Working Longer Versus Saving More

One of the big decisions Americans must make as they plant their retirement is when to start collecting Social Security benefits. The popular wisdom is that each year you delay collecting Social Security translates into an 8% increase in annual benefits. The Social Security Administration can afford to goose the payout because (1) it pays you one year less than it would have otherwise, and (2) it collects the interest on the money.

Now comes Sita N. Slavov, a George Mason University economics professor, and four colleagues with a paper, “The Power of Working Longer,” that compares the monetary rewards of working longer versus saving. The bottom line:

Delaying retirement by 3-6 months has the same impact on the retirement standard of living as saving an additional one-percentage point of labor earnings for 30 years.
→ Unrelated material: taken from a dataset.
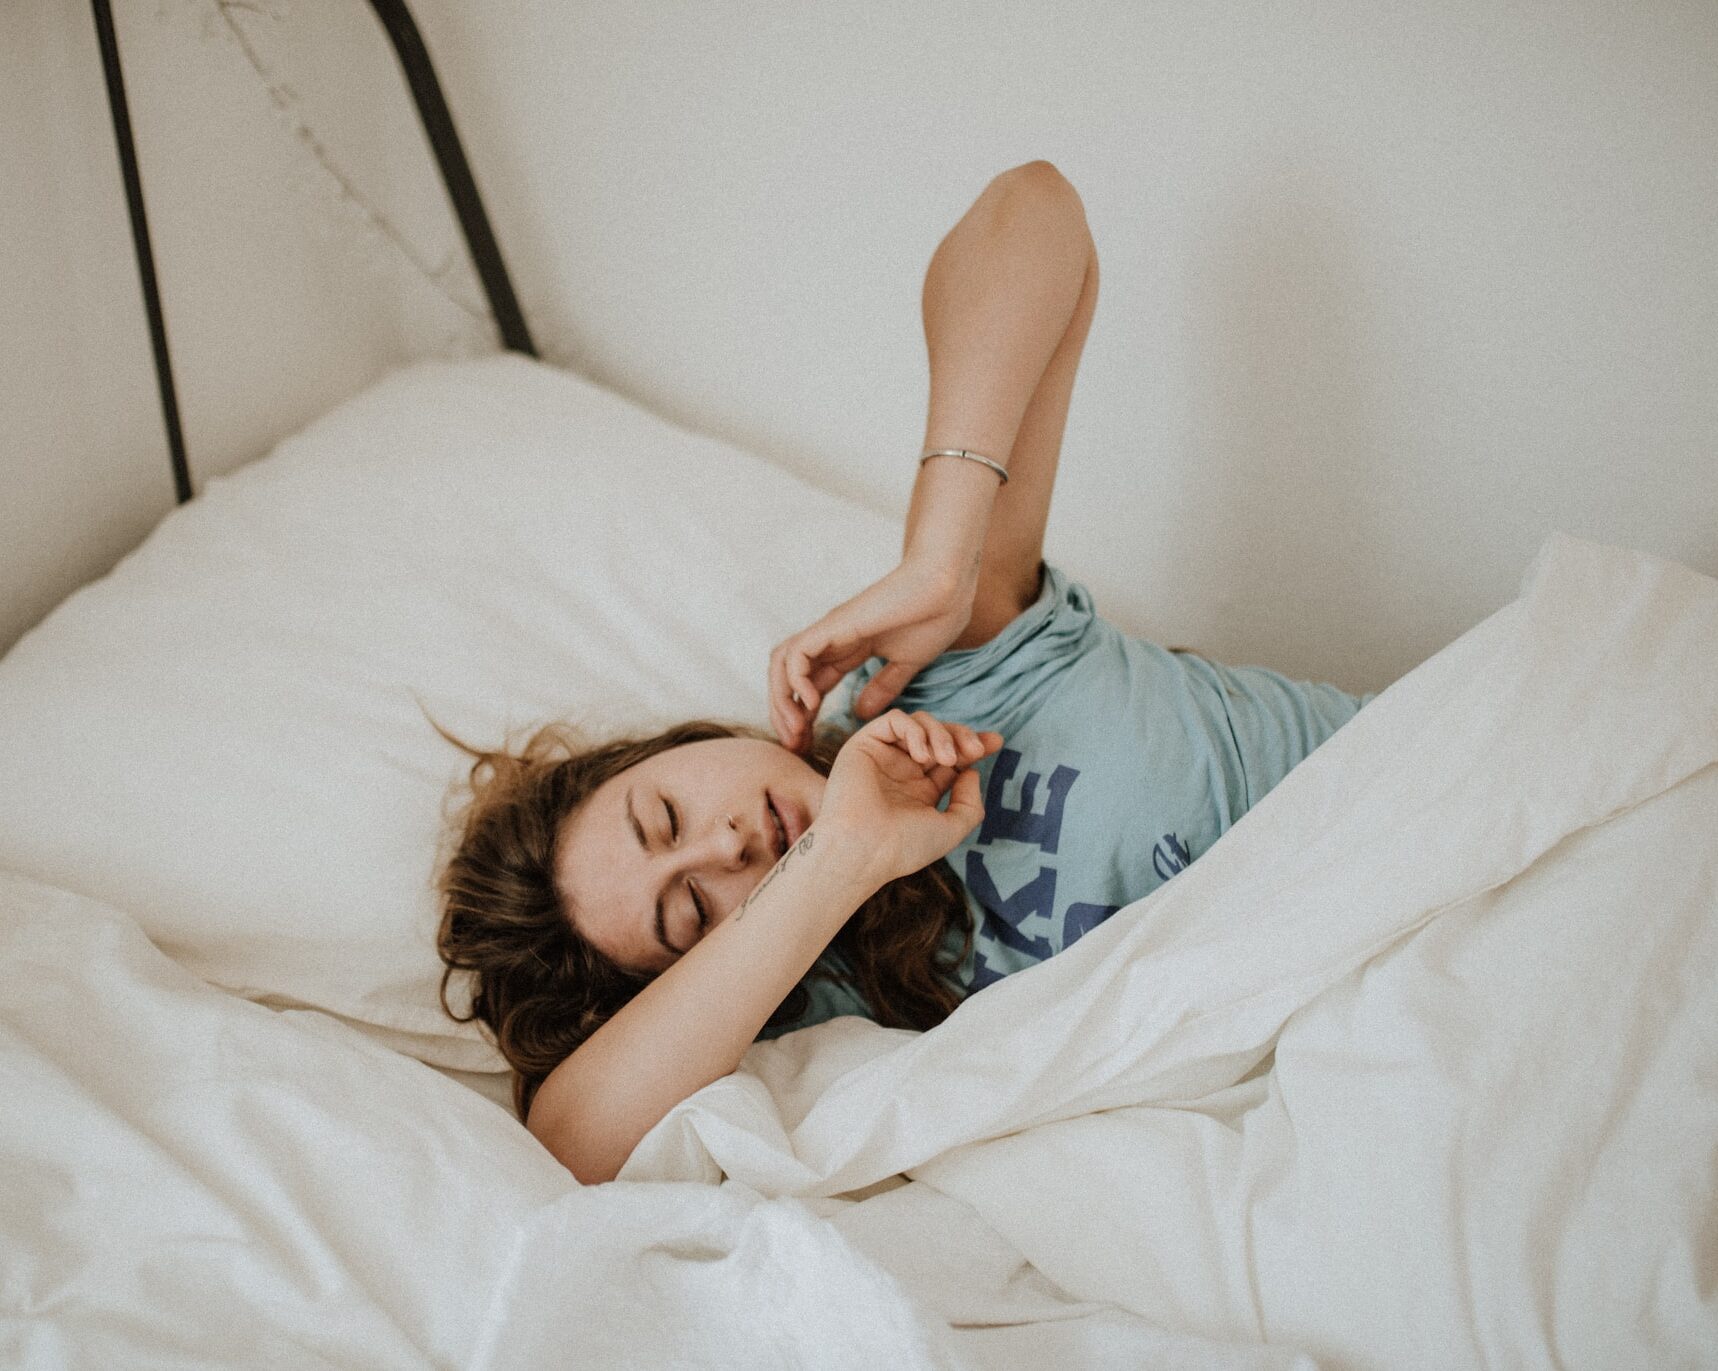 Πώς να ξανακοιμηθείς εύκολα αν ξυπνήσεις μέσα στη νύχτα

I’m not smart enough to follow their methodology, so I’ll just assume that they’re right. But they’re making one critical assumption — that Social Security payouts remain the same, even though the Social Security Trust Fund is scheduled to run out in 2033. At that point, payroll taxes will cover only 75% of promised payouts.

For readers of Bacon’s Rebellion, who from my observation are more affluent than the average American, the news gets worse. When the Social Security Trust Fund runs out of money — as seems inevitable, given the bipartisan refusal of presidents and Congress since George W. Bush to touch the issue — you won’t even get 75% of what you were promised. Too many senior Americans rely upon Social Security as their sole source of income, and a cut of 25% would prove devastating. Inevitably, Congress will tweak the program to soften the blow. Thanks to the chronic budget deficits and the massive national debt that will prevail 15 years from now, the United States will be in no position to bail out the program entirely through borrowing.

There is no way to know what a future Congress will do, but I expect it will resort to some combination of borrowing, higher payroll taxes, and redistribution of Social Security benefits from higher-income Americans to lower-income Americans. There’s no way around it: The middle-class will get hosed.

I’ll qualify for Social Security benefits next year. Even though I plan to continue working and earning income, I’m going to start cashing in on the program while I’m still entitled to 100% of my benefits. I fully expect the Trust Fund to run out by the time I’m 80, and I’m arranging my financial affairs to accommodate a 25% to 30% cut in my Social Security benefits by then. In the meantime, I’m making sure I get what I’ve been promised.

I’m also telling my Millennial kids both to start saving now and to plan to work well into their late 60s. Hopefully, modern medicine will help them remain healthy, active and vigorous a bit longer than our generation, so a few extra years of work won’t prove too burdensome.

Nobody should trust the American political class to live up to its promises — especially when the consequences are 15 years down the road.